How Important Are Mexico’s Proposed Tax System Reforms?

Andrés Rozental
Andrés Rozental Former Brookings Expert

September 18, 2013

Question: Mexican President Enrique Peña Nieto on Sept. 8 unveiled his plan for an overhaul of the country’s tax system. The reforms would impose new taxes on the country’s top earners as well as on capital gains. How important are tax system reforms for Mexico’s economy? Do the specific parts of the reform address the right areas? How valid are the concerns of critics who oppose the reform’s proposals to tax private education and end mortgage rebates?

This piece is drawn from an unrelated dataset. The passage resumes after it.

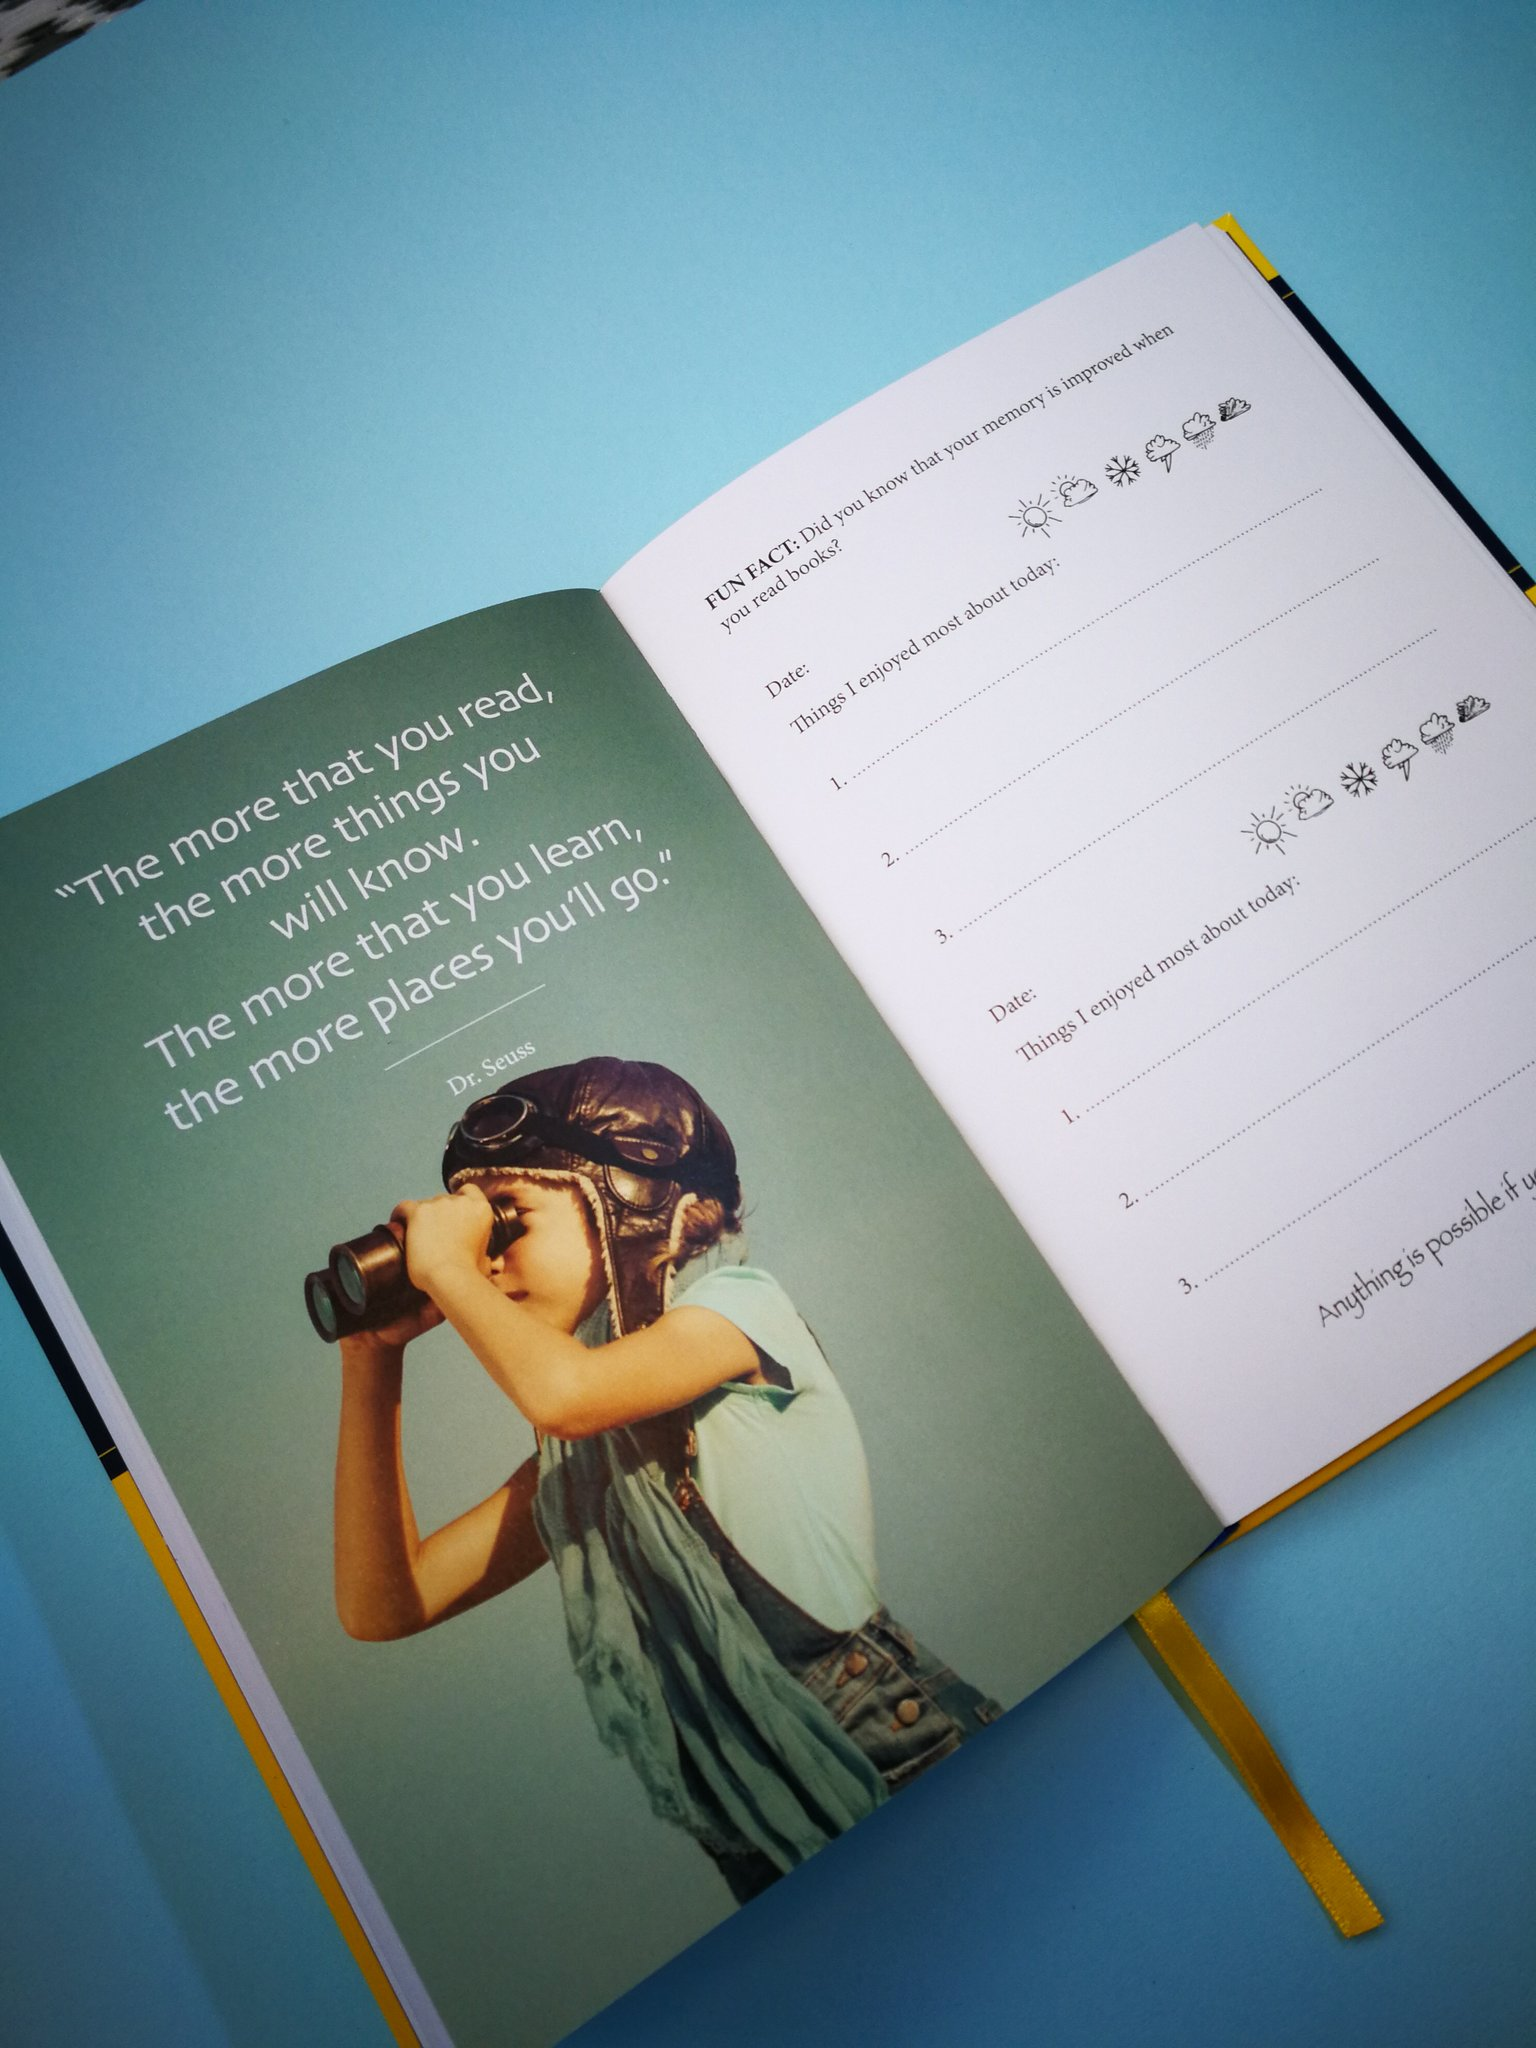 My Happy Journal

Answer: President Peña Nieto’s proposed tax reform doesn’t go far enough to change the fact that a large percentage of Mexicans pay little or no income tax, find ways of avoiding the VAT by underinvoicing or paying cash, are not liable for inheritance or wealth taxes and in general put the country at the bottom of the OECD list of fiscal revenue as a percentage of GDP. Rumors floated in the weeks and months before the September deadline that the proposal included a general rise in the VAT rate, removing the VAT-free status of some foods and medicines, doing away with a majority of the loopholes that currently allow individuals and companies to pay little or no tax, etc. In the end, the government opted for a ‘light’ reform that most analysts agree will add much less to fiscal revenue than what is needed. As on previous occasions, the fiscal reform such as it is targets captive middle- and upperclass taxpayers who will have to add to their fiscal burden, while doing little to enlarge the tax base to the millions who pay little or nothing. It’s clear that the president was frightened by the continuing marches and social disruptions by opponents to the education and energy reform packages presented earlier to Congress, and that he decided to avoid provoking further street protests by those who would be most affected by a real fiscal reform. Hopefully, in the coming years the government will build on this partial reform and give Mexico the fiscal structure its economy so badly needs in order to replace the national oil company, Pemex, as the funder of close to 40 percent of public expenditure.